The following config sections and options are recognized:

• Section fuzzinator: Global settings of the framework.

  • Option work_dir: Work directory for temporary files. (Optional, default: ~/.fuzzinator)
  • Option db_uri: URI to a MongoDB database to store found issues and execution statistics. (Optional, default: mongodb://localhost/fuzzinator)
  • Option cost_budget: (Optional, default: number of cpus)

• Sections sut.NAME: Definitions of a SUT named NAME

  • Option call: Fully qualified name of a python callable that must accept a test keyword argument representing the input to the SUT and must return a dictionary object if the input triggered an issue in the SUT, or None otherwise. The returned issue dictionary (if any) should contain an 'id' field that equals for issues that are not considered unique. (Mandatory)

    See package fuzzinator.call for potential callables.

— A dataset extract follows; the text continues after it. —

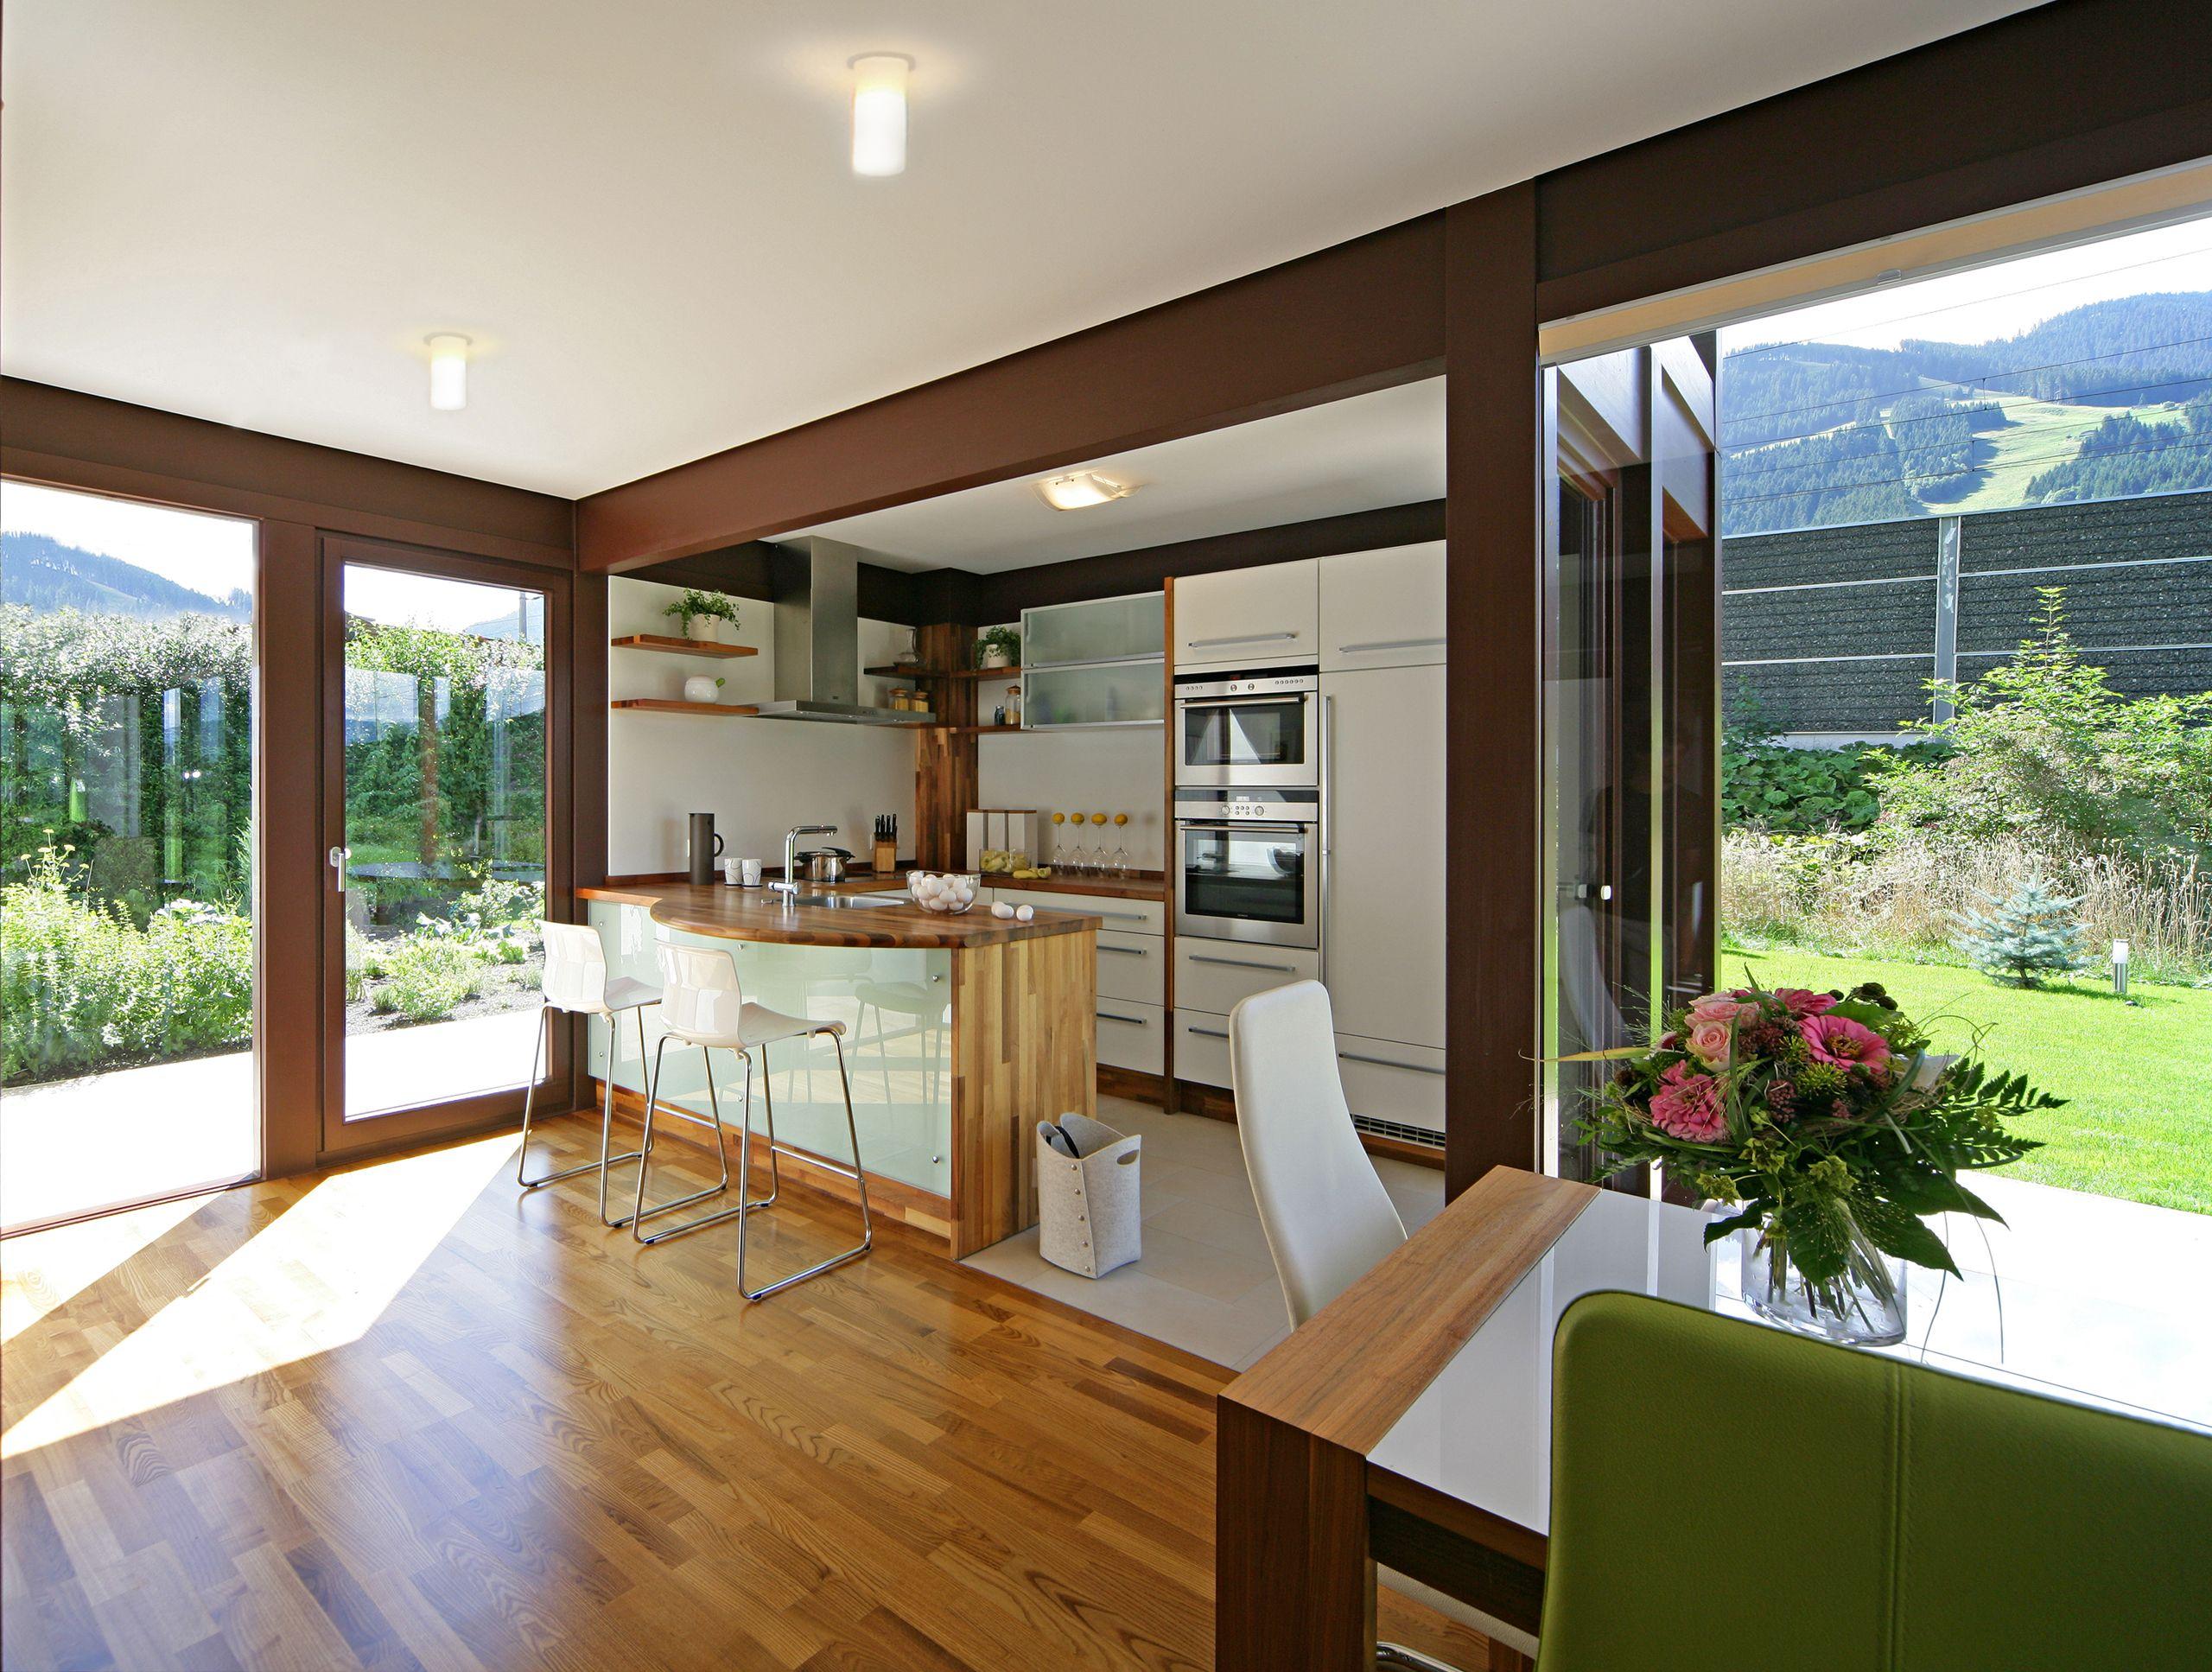 Kundenhaus - Brixental | Innenansicht Küchenbereich | Finden sie mehr Informationen zu diesem Kundenhaus auf http://www.davinci-haus.de/haeuser-standorte/kundenhaeuser/wilder-kaiser-brixental/ #Traumhaus #Fertighaus #Holfachwerk

  • Option cost: (Optional, default: 1)

  • Option reduce: Fully qualified name of a python callable that must accept issue, sut_call, sut_call_kwargs, listener, ident, work_dir keyword arguments representing an issue to be reduced (and various other potentially needed objects), and must return a tuple consisting of a reduced test case for the issue (or None if the issue’s current test case could not be reduced) and a (potentially empty) list of new issues that were discovered during test case reduction (if any). (Optional, no reduction for this SUT if option is missing.)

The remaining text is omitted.